Within a year, I was managing my own caseload, running between courtrooms, juggling court appearances, line-ups, jail visits and crime scene investigations.

Three years in, I was approached about an immigration role in the firm and was soon spending my days in immigration courts, appearing on behalf of people facing deportation from the US. I was driving all over New Jersey and upstate New York, visiting inmates in huge federal detention centres. This brought a whole host of new challenges. Our victories at the Criminal Court had been few and infrequent, but were even fewer and often more devastating at the immigration courts.

There were moments when I would sit in the waiting room of a detention centre, or watch inmates exercising in the yard outside, and I would take stock of where I was, slightly shocked that this was where “adventure” had taken me. I heard someone say recently that New York quickly cuts the corners off you, and I get it. There is no city like it to force you out of your comfort zone.

I quickly realised how lucky I was to be Irish there. People just couldn’t get enough of the brogue, and I was blessed with the added advantage of having red hair, blue eyes and freckles, and I was an Irish dancer. When I arrived into my office on March 18th, 2009 to find a copy of the New York Times on my desk, open on a review of one of our performances the previous day, I realised the power of this very special relationship between Ireland and the US, and the extent to which Ireland is celebrated in the States.

I had a jam-packed five and a half years in New York. I became a New Yorker in some ways and thrived on the energy, the buzz, the pace and the constant drive to do more, achieve more and better myself. Like many of my neighbours, I was up at 5.15am every day to run in Central Park. There was something on every night of the week. I met incredible people, made amazing friends and did things I never imagined I would. New York was the city that kept on giving.

So why did I come home? It’s the first question everyone asks.

The simple answer is because Ireland will always be home.

Coming home is a huge readjustment, and figuring out where you fit back in takes time.

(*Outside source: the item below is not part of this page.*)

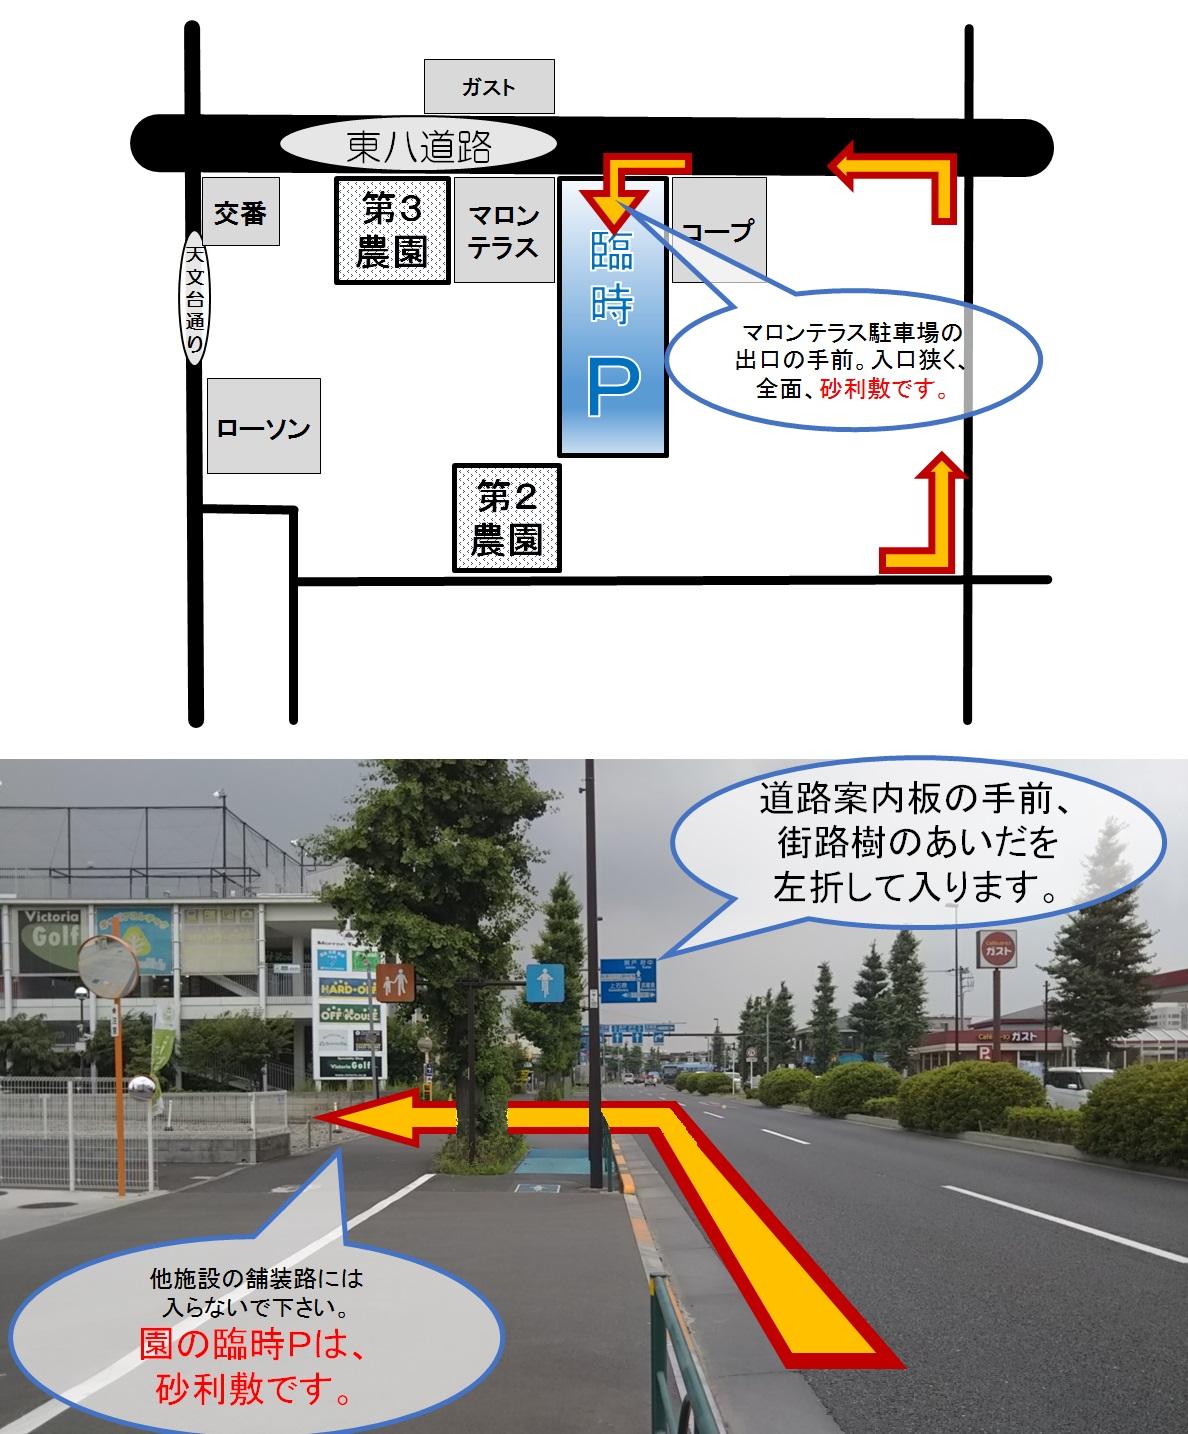 rinjiP.jpg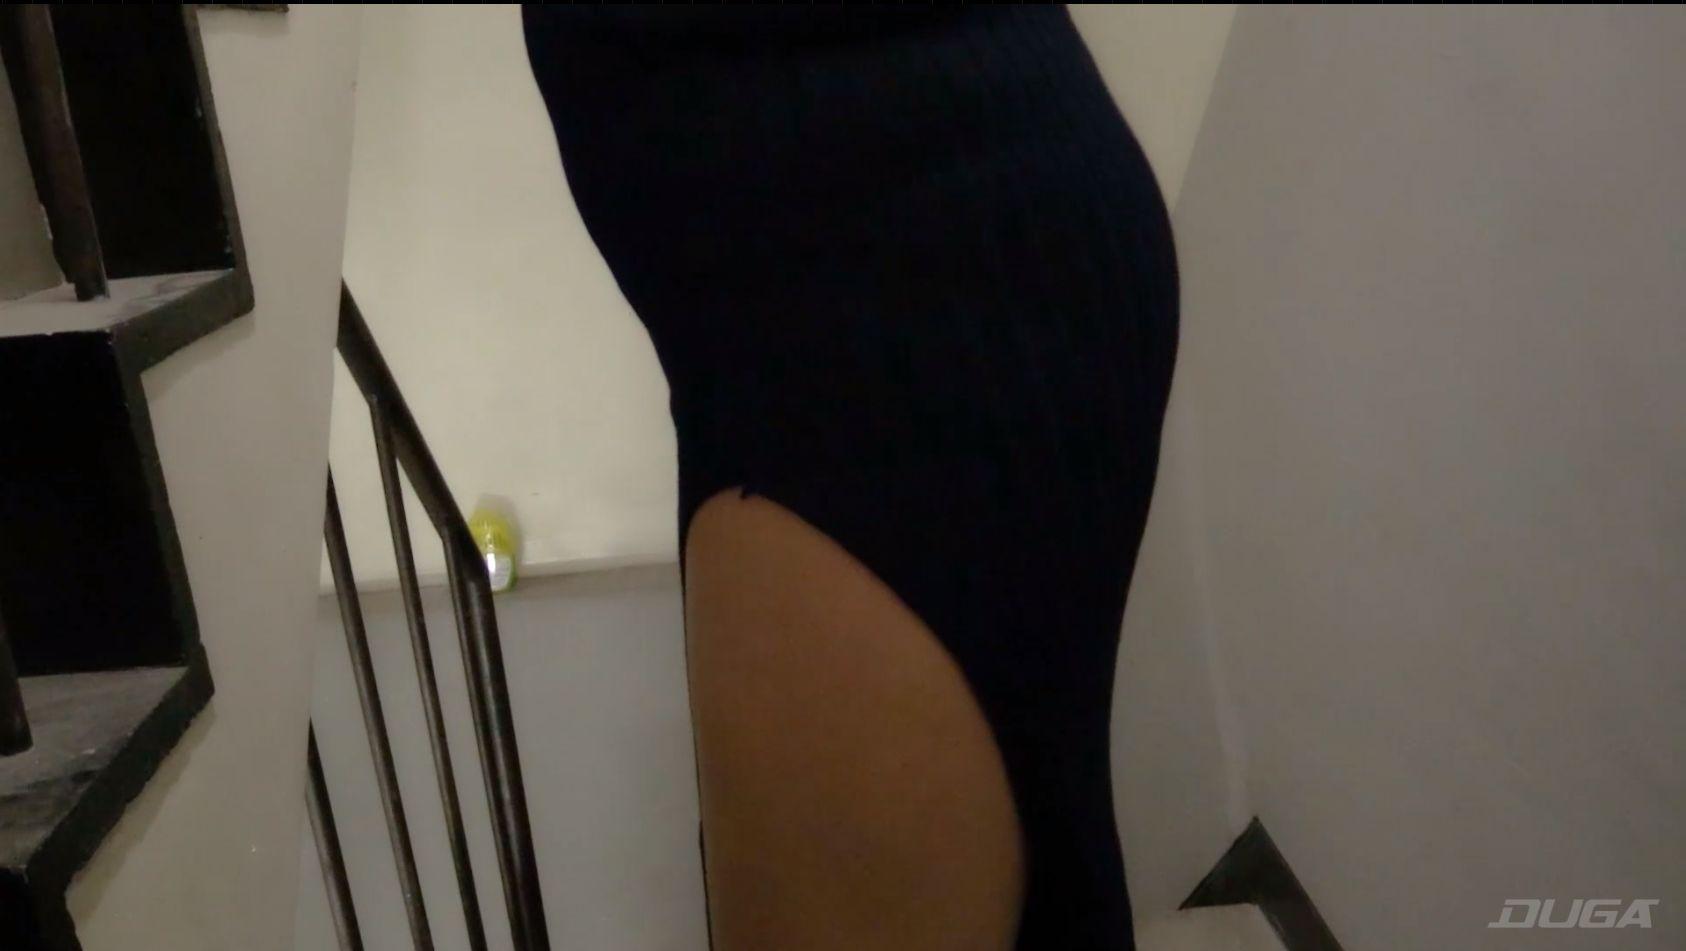 過激な私服で痴漢現場に向かう素人熟女 乾沙衣の下半身

It was a surprise to see how much things have changed, and how different I was too. It’s now just over a year since I packed up and came home and I see now, more than ever, how the New Yorker in me is still kicking me on.

I have so much to thank that great city for, not least the Kildare man I met there. Who’d have thought I would go 5,000km to meet a man from 20 minutes up the road from my hometown? It almost seems part of the magic of New York that when the time was right and the boxes were ticked, we would meet there and come home together.

In my final year in New York, I was chairperson of Irish Network-NYC (IN-NYC), where I saw first-hand the incredible work done for Irish communities abroad by the Department of Foreign Affairs and the very real way it affected us all. Having come home to Ireland, I now chair IN-Dublin, a business network for returned emigrants, together with a fabulous board of people who are similarly connected to the US. On a personal level it is incredibly rewarding to have spearheaded the establishment of this group and to be providing a venue for people like me who have returned from the US or are in the same boat as I was seven years ago, about to embark on a whole new adventure, to share experiences and help each other.

I have recently set up my own immigration practice in Dublin, Louise M. Corrigan & Associates, which is affiliated with O'Malley and Associates in New York. I rely every day on the drive and determination that New York instilled in me. I will always have New York to thank for the resilience I now rely on, but I will always have Ireland to thank for so many of the opportunites that were open to me over there and the Irish spirit that would eventually draw me back home.